**What you will do:** Below are entries. Give back exactly the lines from the one containing "Men's Rory Slide Sandal - Black/Lime" through the one containing "Batman Arkham: Knight", inclusive, without the pictures.

**Records for processing:**
____
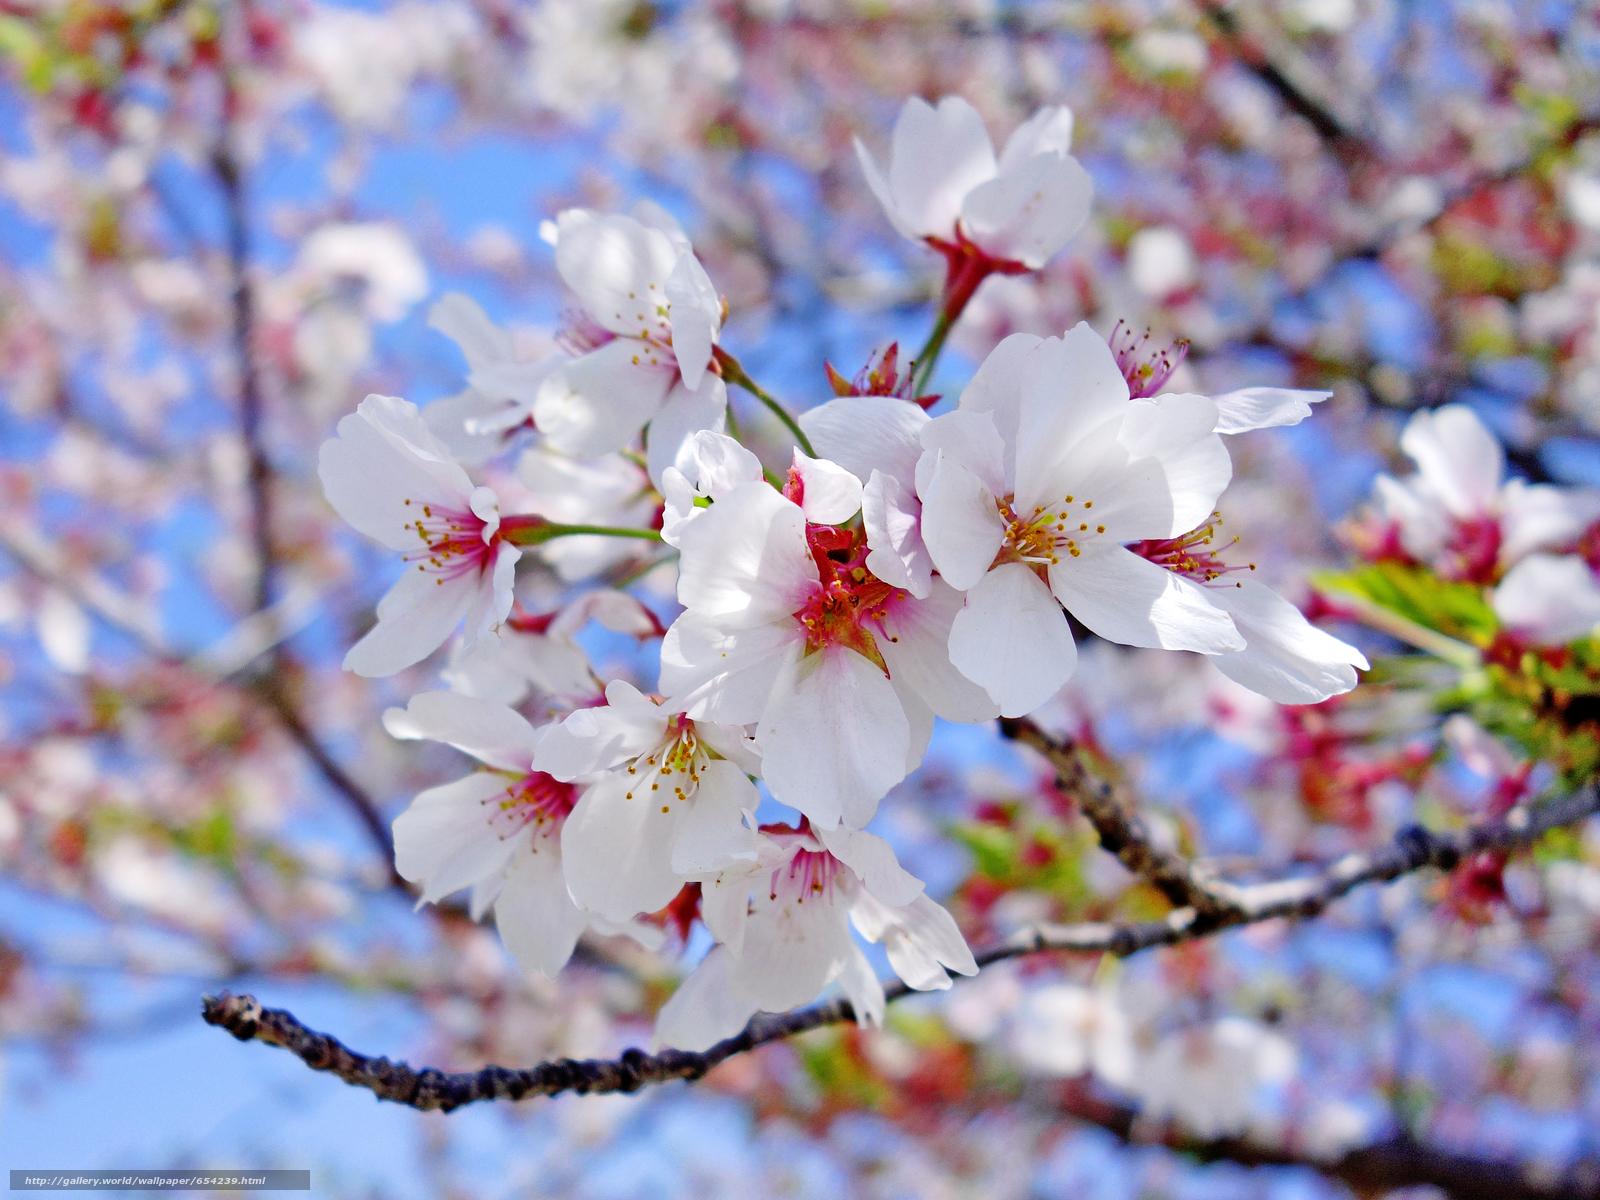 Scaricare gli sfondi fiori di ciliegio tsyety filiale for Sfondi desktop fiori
____
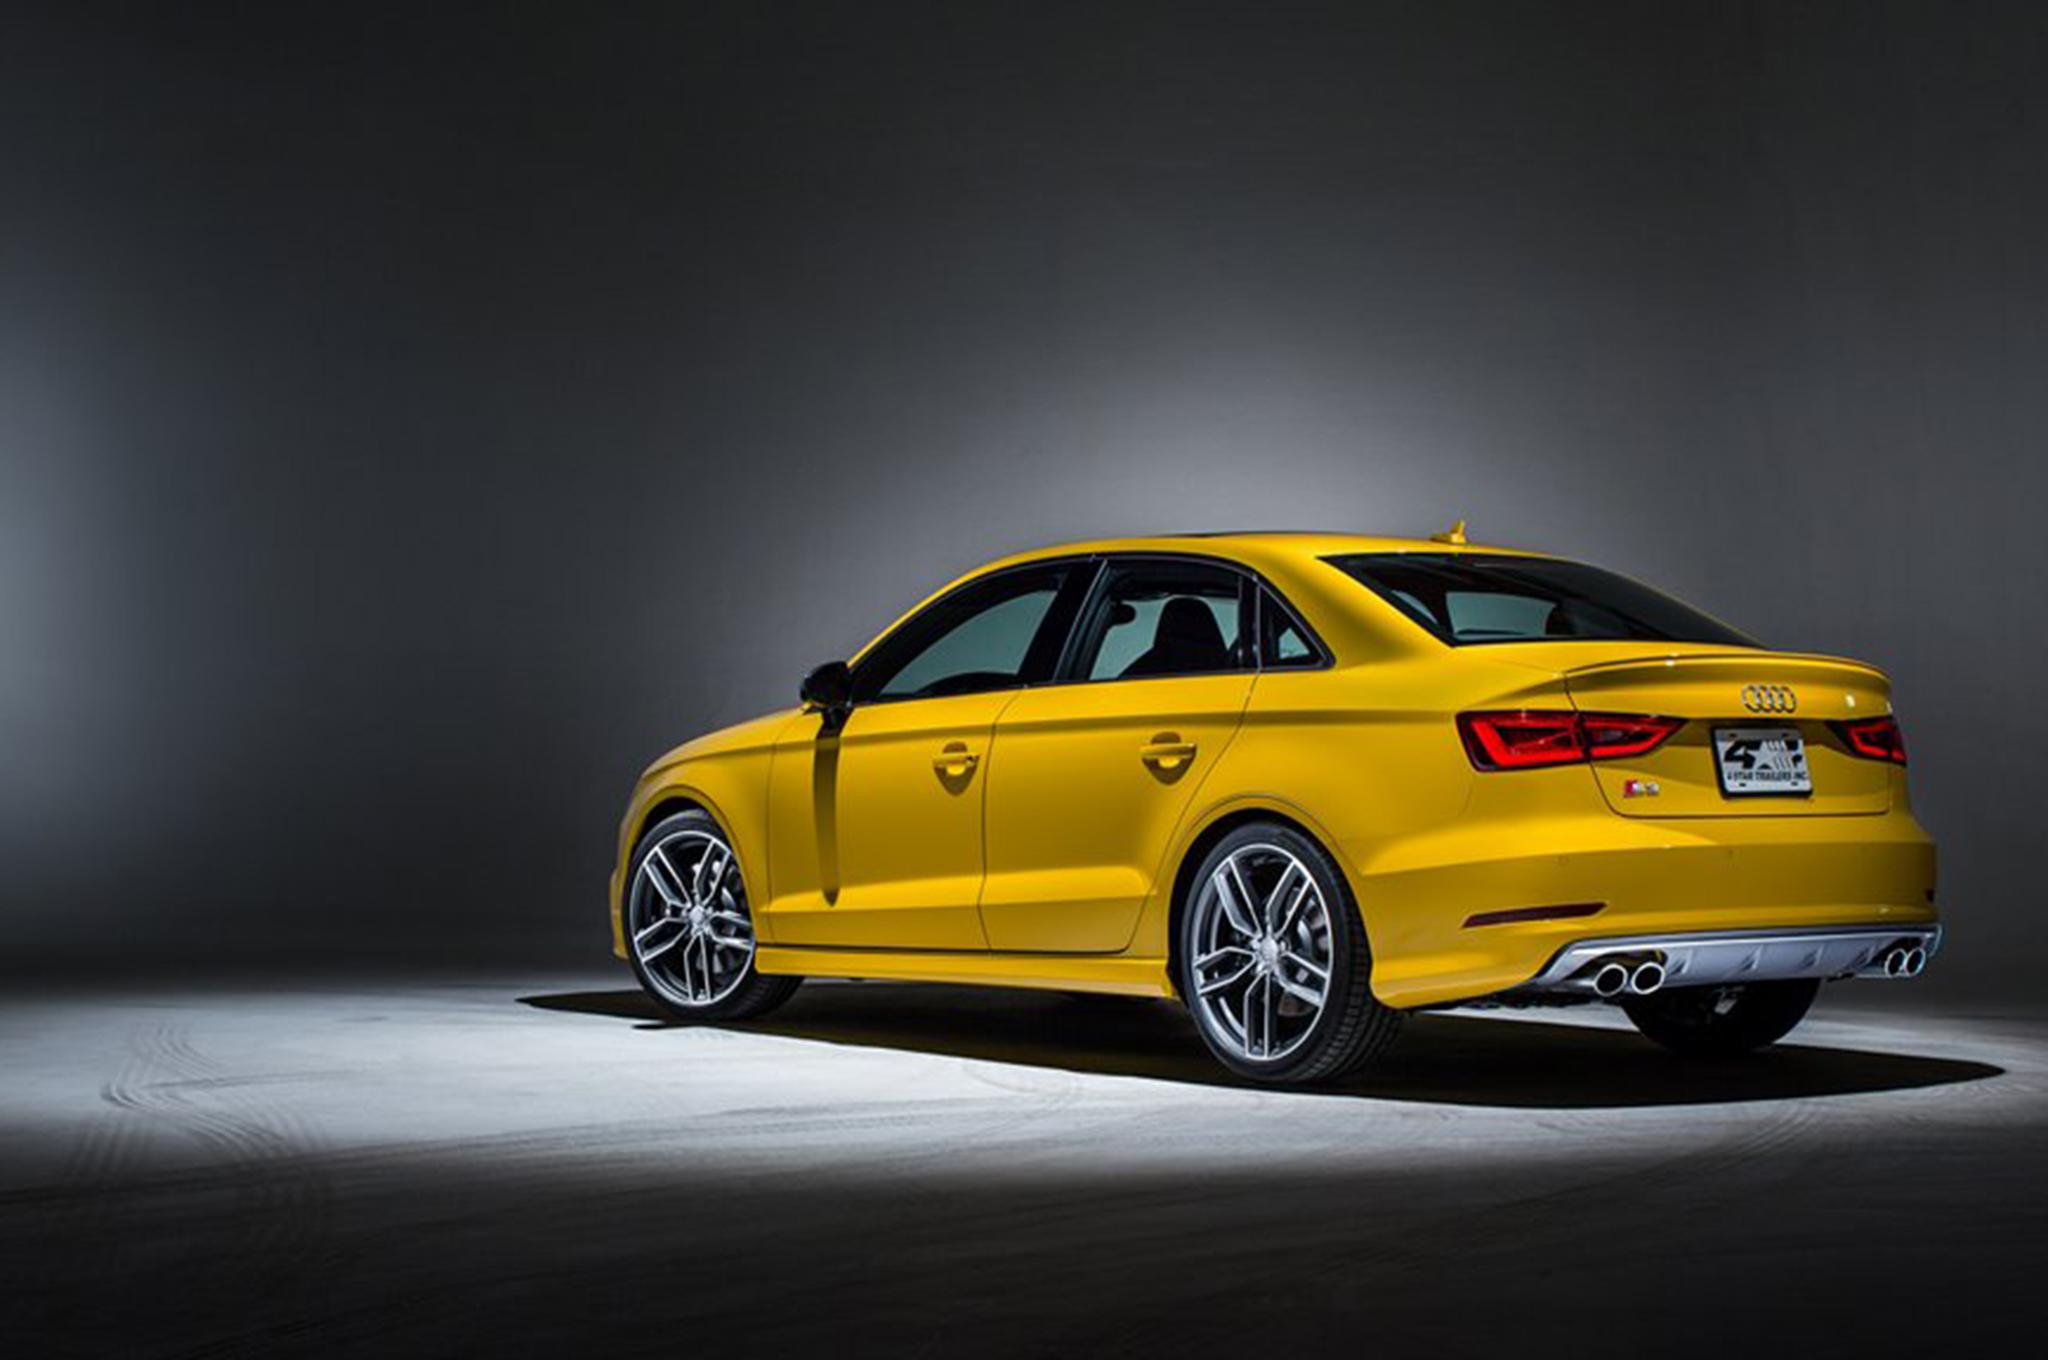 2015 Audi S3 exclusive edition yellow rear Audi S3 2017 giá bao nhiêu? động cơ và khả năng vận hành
____
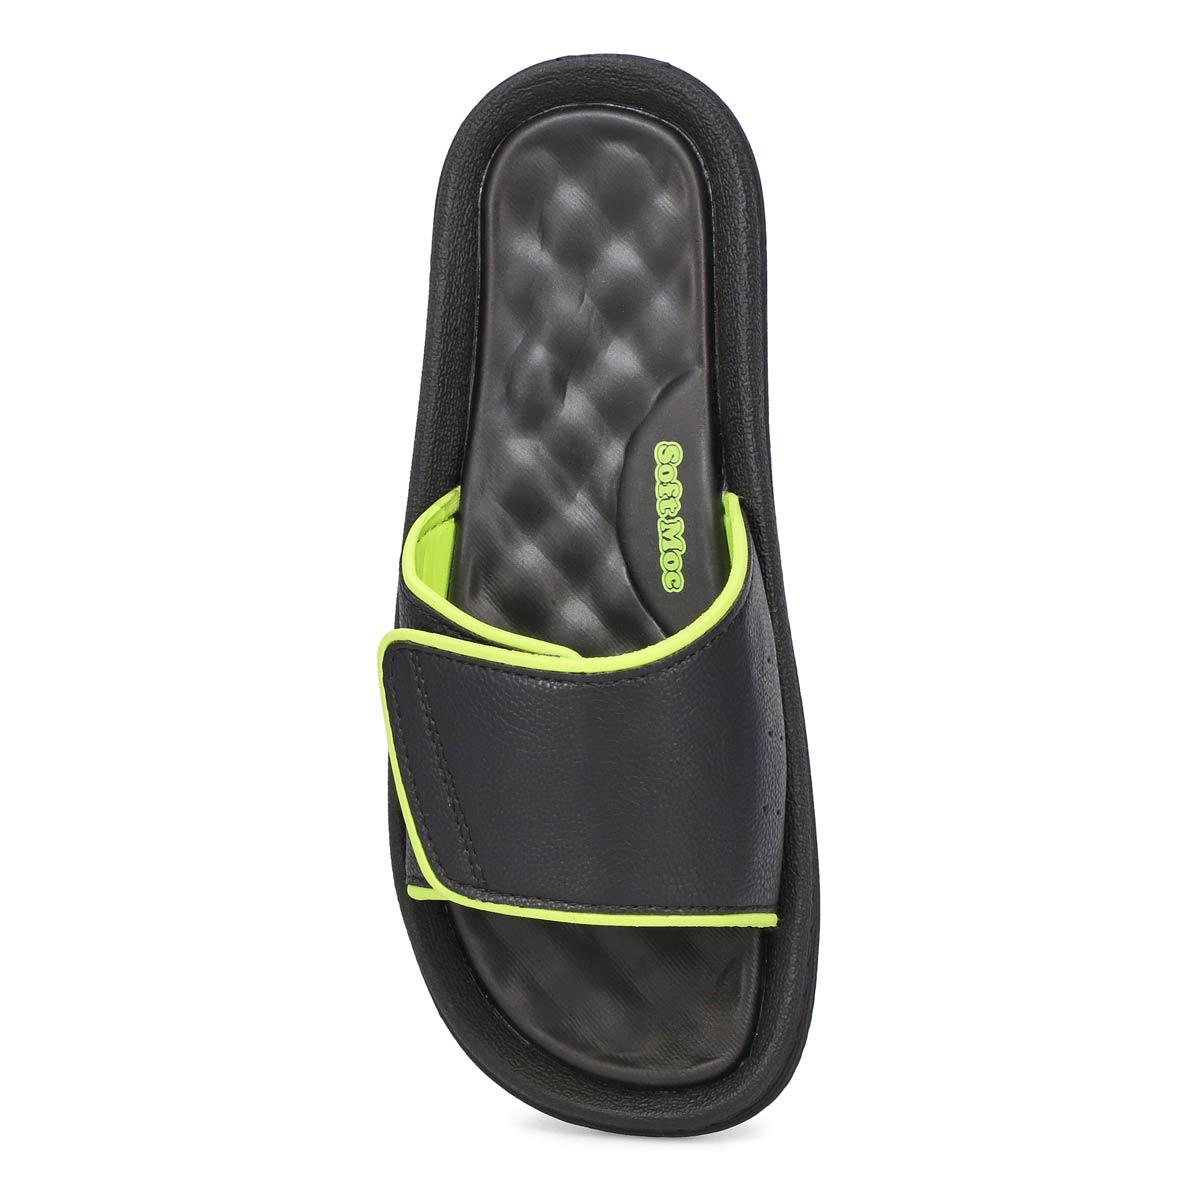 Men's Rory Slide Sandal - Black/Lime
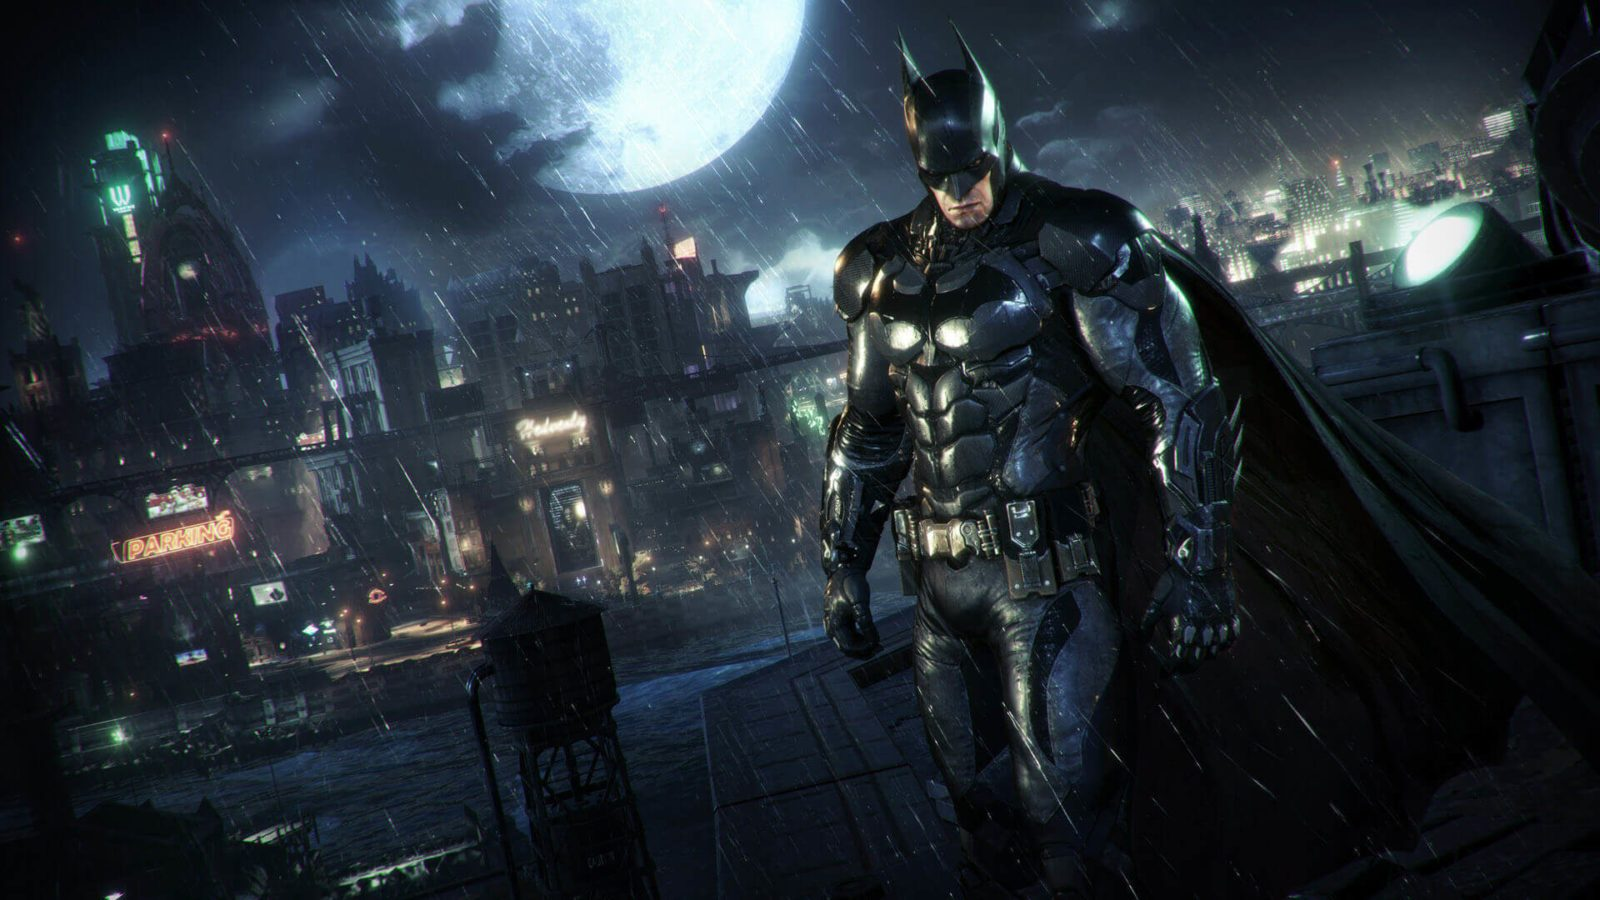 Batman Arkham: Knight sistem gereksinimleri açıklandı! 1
____
**Response to the task:**
 Men's Rory Slide Sandal - Black/Lime
 Batman Arkham: Knight sistem gereksinimleri açıklandı! 1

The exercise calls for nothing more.